5 Nutrient-Packed Recipes in Time for the Holidays

As you prepare for Thanksgiving and Holiday gatherings in the coming weeks, we're sharing quick, flavorful and nutrient-packed recipes!
Watch the Full Holiday 2022 Cooking Demo from EvergreenHealth Signature Care Health and Wellness Specialist, Amy Reuter, MS, RDN
Instant Pot Turkey Breast
16-20 (4 oz.) servings
Watch cooking demo from Amy Reuter, MS, RDN
- 4-5 lb turkey breast, thawed, bone-in or boneless
- 3 tablespoons extra virgin olive oil
- 1/2 teaspoon paprika
- 1/2 teaspoon thyme
- 1/2 teaspoon garlic powder
- 1/2 teaspoon sage
- 1/2 teaspoon dried parsley
- 1/2 teaspoon salt
- 1/2 teaspoon freshly ground black pepper
- 2 cups low sodium chicken broth
- 1 stem rosemary
- 1/2 cup chopped onion
- 1/2 cup baby carrots
- 1 cup chopped celery
- 1 tablespoon corn starch
Rinse thawed turkey breast under cool water and pat dry with paper towels. Set onto a plate or cutting board. In a small bowl, mix together the oil, paprika, thyme, garlic powder, dried parsley, salt and pepper. Brush onto the outside of the turkey breast and under the skin.

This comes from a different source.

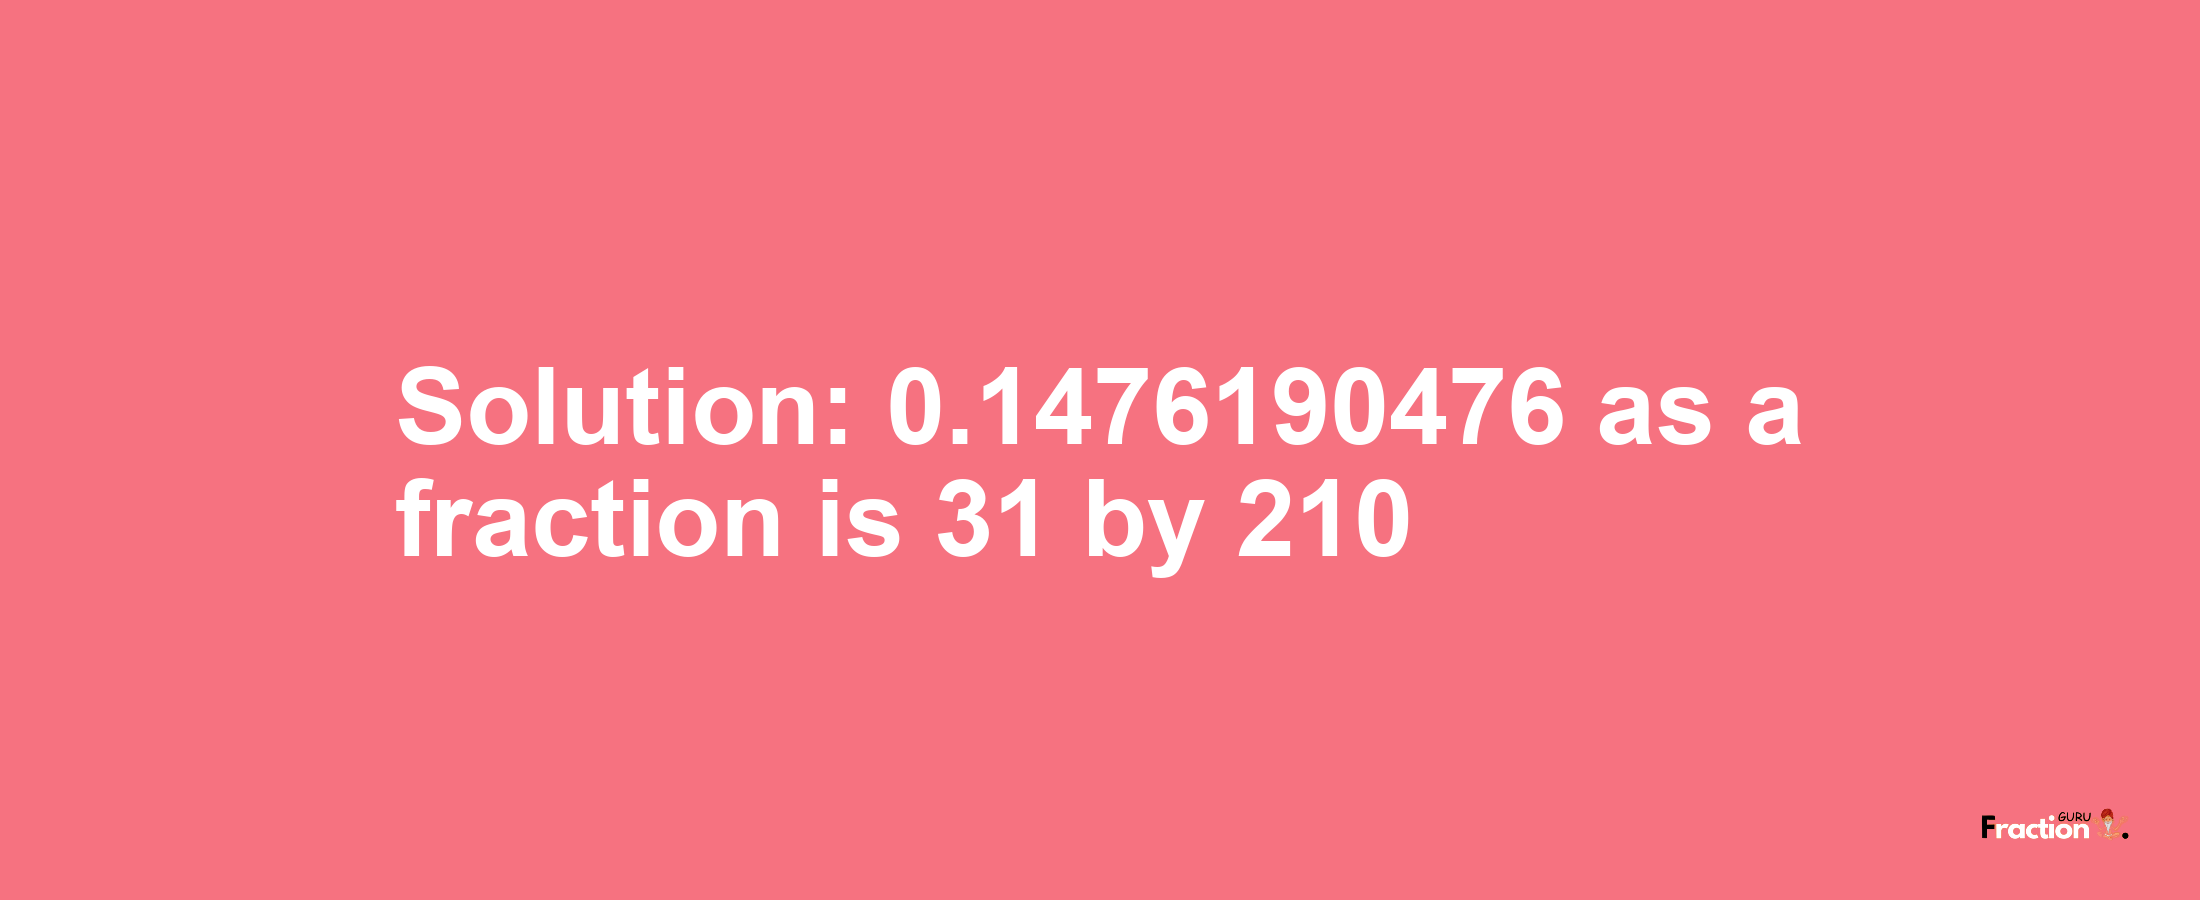 Solution:0.1476190476 as a fraction is 31/210

Place the Instant Pot trivet inside the insert. Add the turkey breast, breast side up. Add the chicken broth, onions, carrots, celery and rosemary. Place the lid on the Instant Pot and set to steam or pressure cook for 35 minutes.

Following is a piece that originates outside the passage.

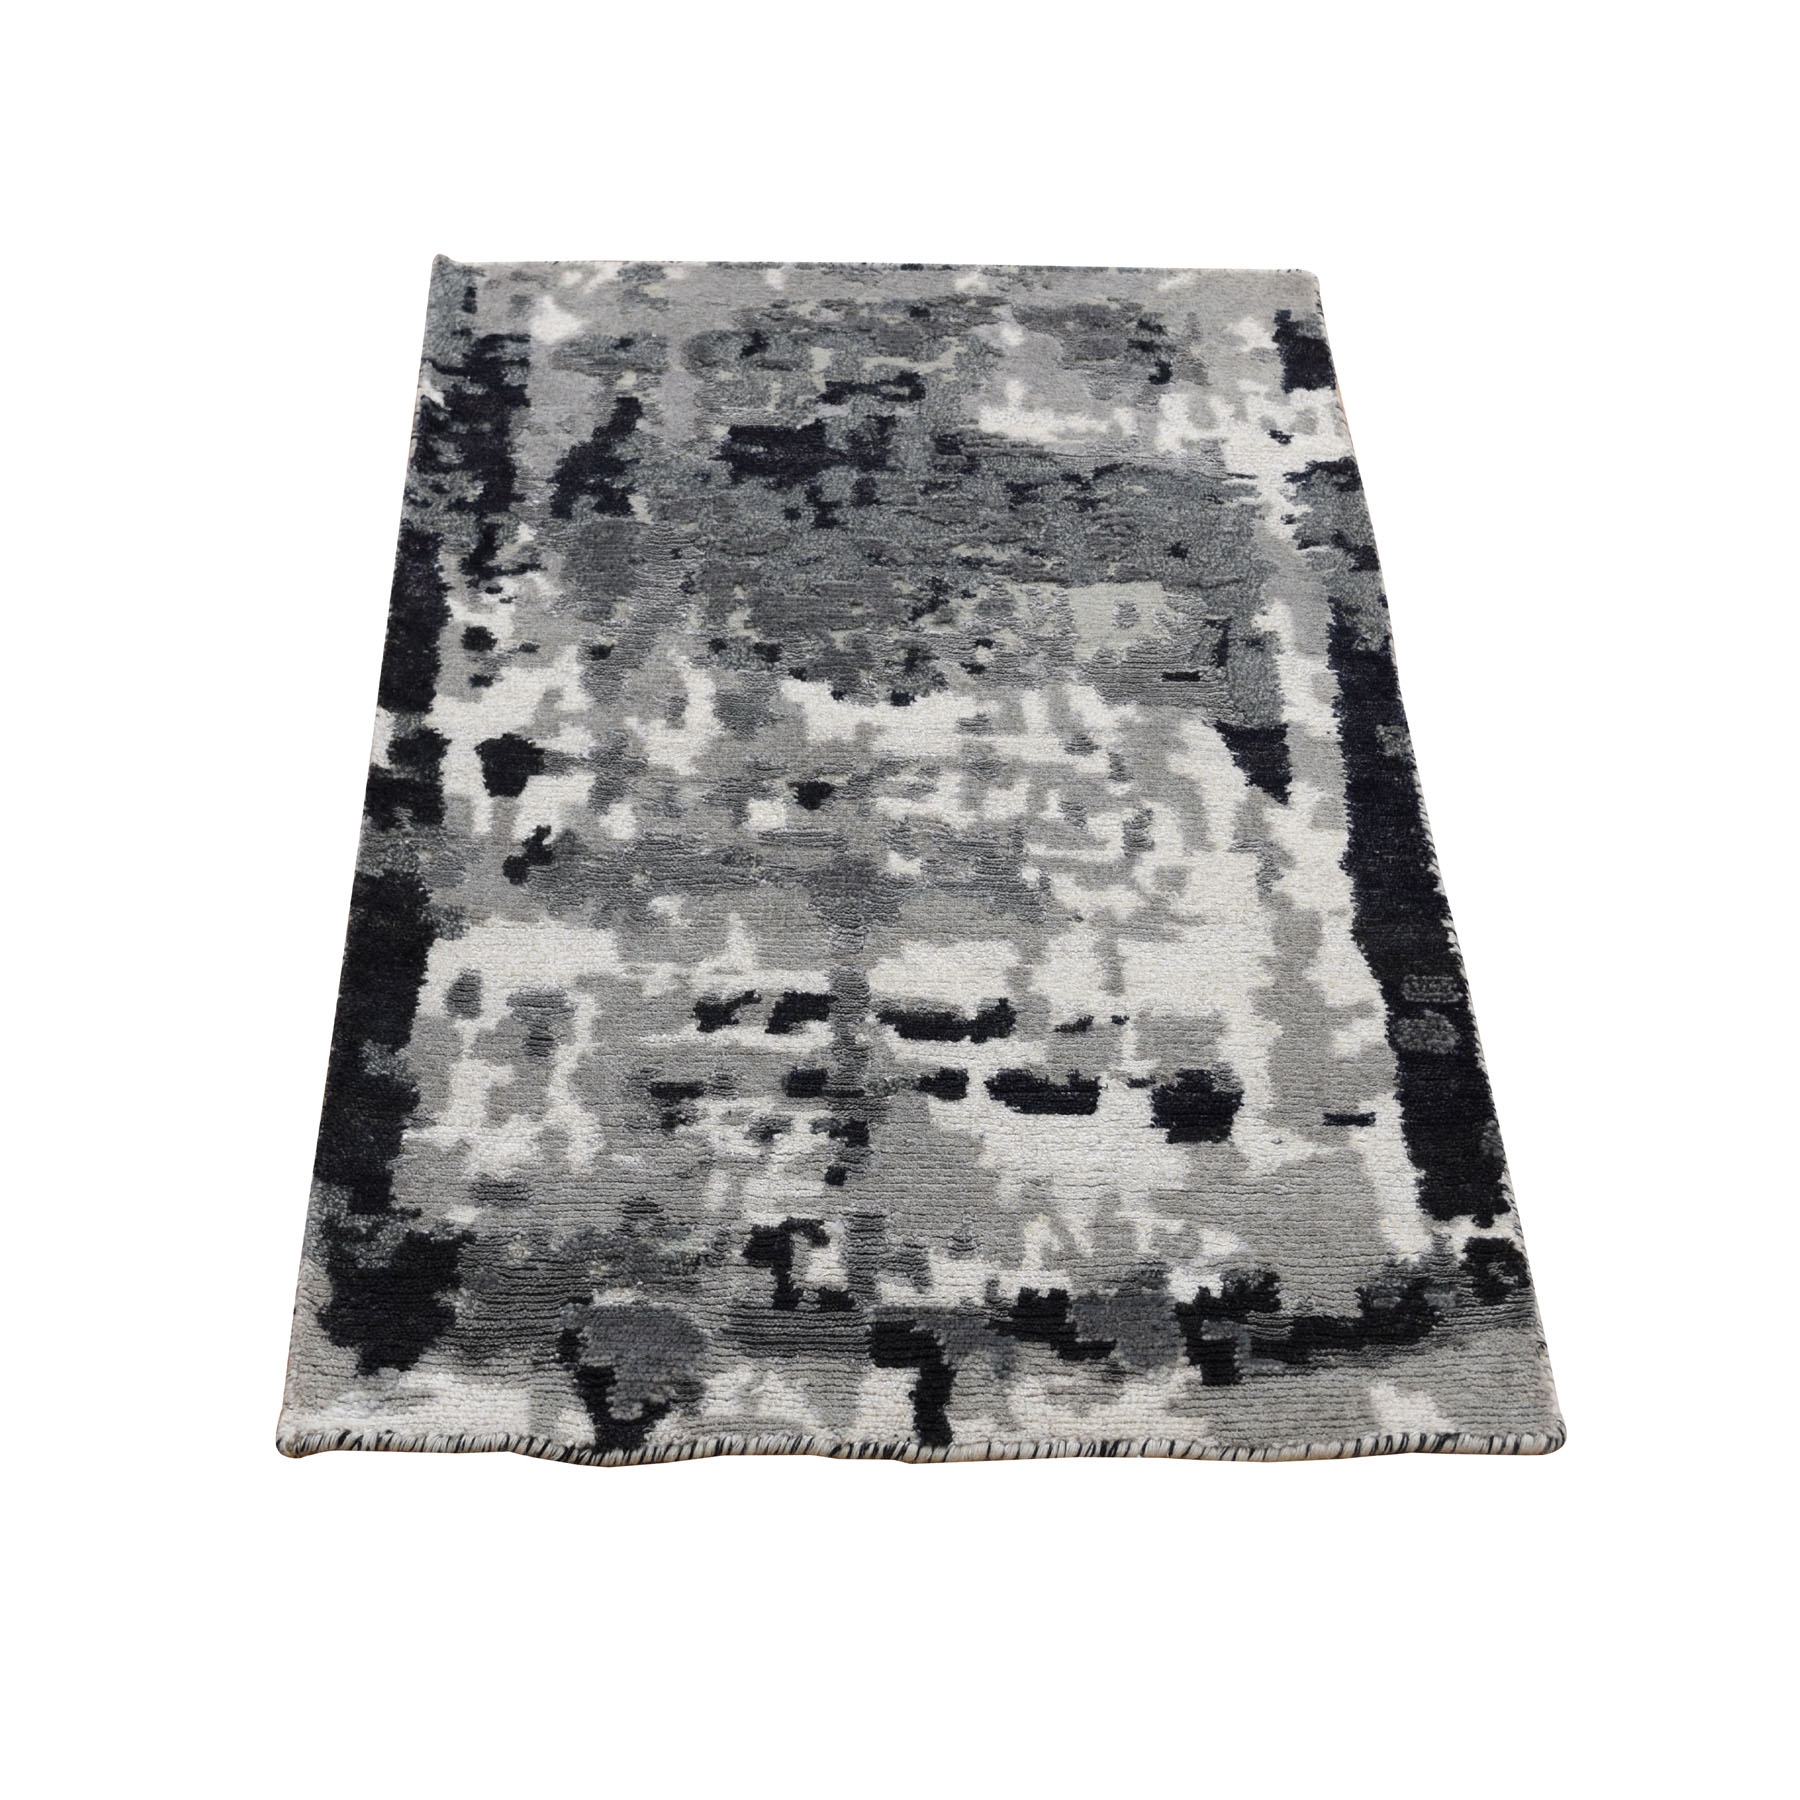 2'X3' Black Abstract Design Hi-Lo Pile Wool And Silk Hand Knotted Oriental Rug moad8aac

When finished, let the pot naturally release pressure. Then, remove lid and transfer the turkey breast to a cutting board or platter.
For a golden-brown appearance, you can place the cooked turkey on a baking sheet and broil in the oven for 5 minutes.
For sauce, you can drain the drippings through a sieve, and return the liquid to the Instant Pot insert. Add cornstarch and cook on sauté setting—whisking continuously for 5 minutes or until thick.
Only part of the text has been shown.